CATBIRD.

Previous
Fig. 6.—Catbird. Length, about 9 inches.

The catbird[15] (fig. 6), like the thrasher, is a lover of swamps and delights to make its home in a tangle of wild grapevines, greenbriers, and shrubs, where it is safe from attack and can find its favorite food in abundance. It is found throughout the United States west to the Rocky Mountains, and extends also from Washington, Idaho, and Utah northward into the provinces of Canada. It winters in the Southern States, Cuba, Mexico, and Central America.
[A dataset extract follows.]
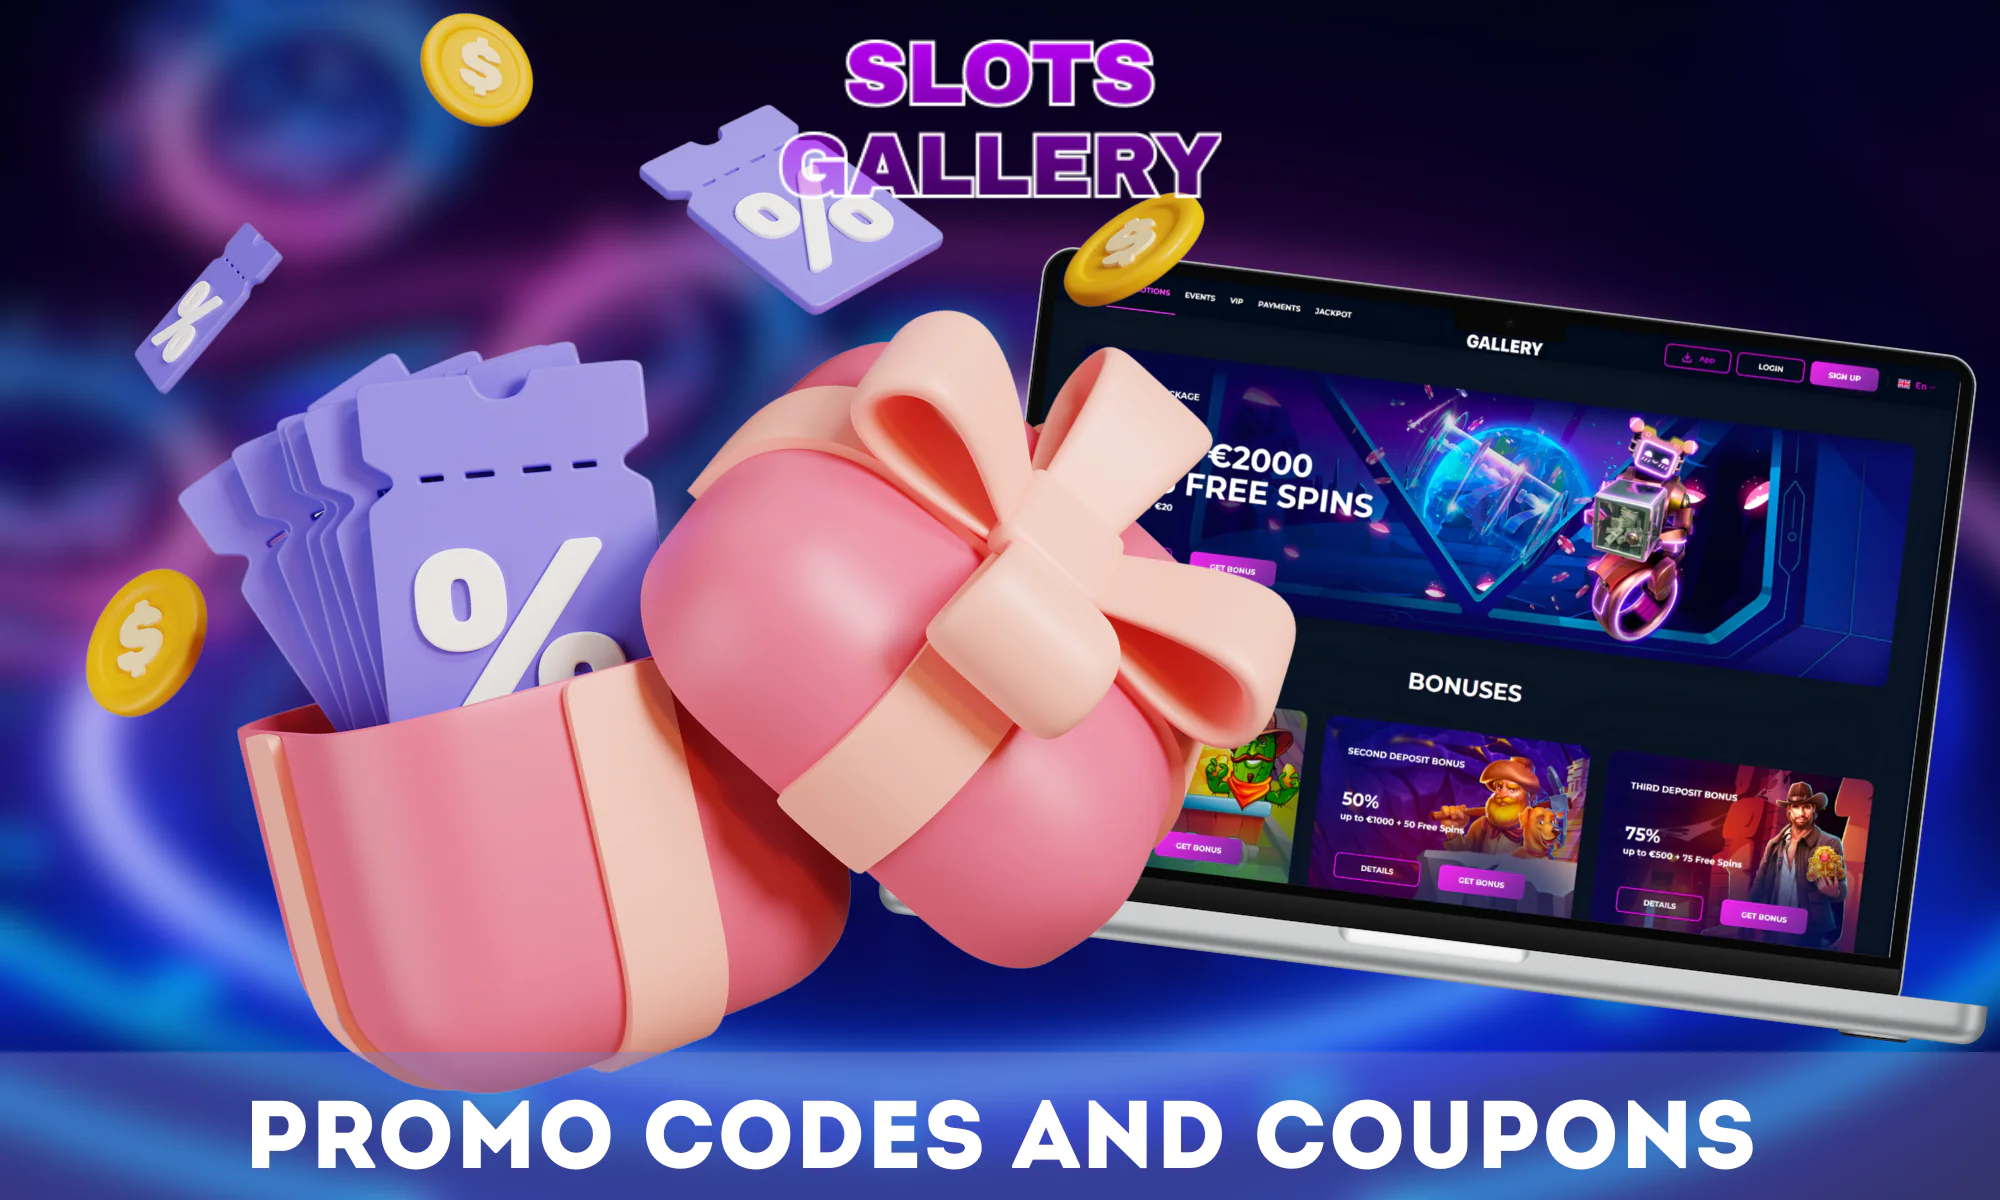 Slots Gallery allows you to use promo codes to get instant bonuses

[15] Dumetella carolinensis.

Reports from the Mississippi Valley indicate that the catbird is sometimes a serious annoyance to fruit growers. The reason for such reports may possibly be found in the fact that on the prairies fruit-bearing shrubs, which afford so large a part of this bird’s food, are conspicuously absent. With the settlement of this region comes an extensive planting of orchards, vineyards, and small-fruit gardens, which furnish shelter and nesting sites for the catbird as well as for other species. There is in consequence a large increase in the numbers of the birds, but no corresponding gain in the supply of native fruits upon which they were accustomed to feed. Under these circumstances what is more natural than for the birds to turn to cultivated fruits for their food? The remedy is obvious: Cultivated fruits can be protected by the simple expedient of planting the wild species which are preferred by the birds. Some experiments with catbirds in captivity show that the Russian mulberry is preferred to any cultivated fruit.
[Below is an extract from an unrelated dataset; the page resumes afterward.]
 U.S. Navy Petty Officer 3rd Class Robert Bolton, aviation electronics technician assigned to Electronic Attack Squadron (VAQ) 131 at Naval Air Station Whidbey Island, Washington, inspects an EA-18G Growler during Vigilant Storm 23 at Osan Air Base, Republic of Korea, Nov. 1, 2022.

The stomachs of 645 catbirds were examined and found to contain 44 per cent of animal (insect) and 58 per cent of vegetable food. Ants, beetles, caterpillars, and grasshoppers constitute three-fourths of the animal food, the remainder being made up of bugs, miscellaneous insects, and spiders. One-third of the vegetable food consists of cultivated fruits, or those which may be cultivated, as strawberries, raspberries, and blackberries; but while we debit the bird with the whole of this, it is probable—and in the eastern and well-wooded part of the country almost certain—that a large part is obtained from wild vines. The rest of the vegetable matter is mostly wild fruit, as cherries, dogwood, sour gum, elderberries, greenbrier, spiceberries, black alder, sumac, and poison ivy. Although the catbird sometimes does considerable harm by destroying small fruit, it can not on the whole be considered injurious. On the contrary, in most parts of the country it does far more good than harm.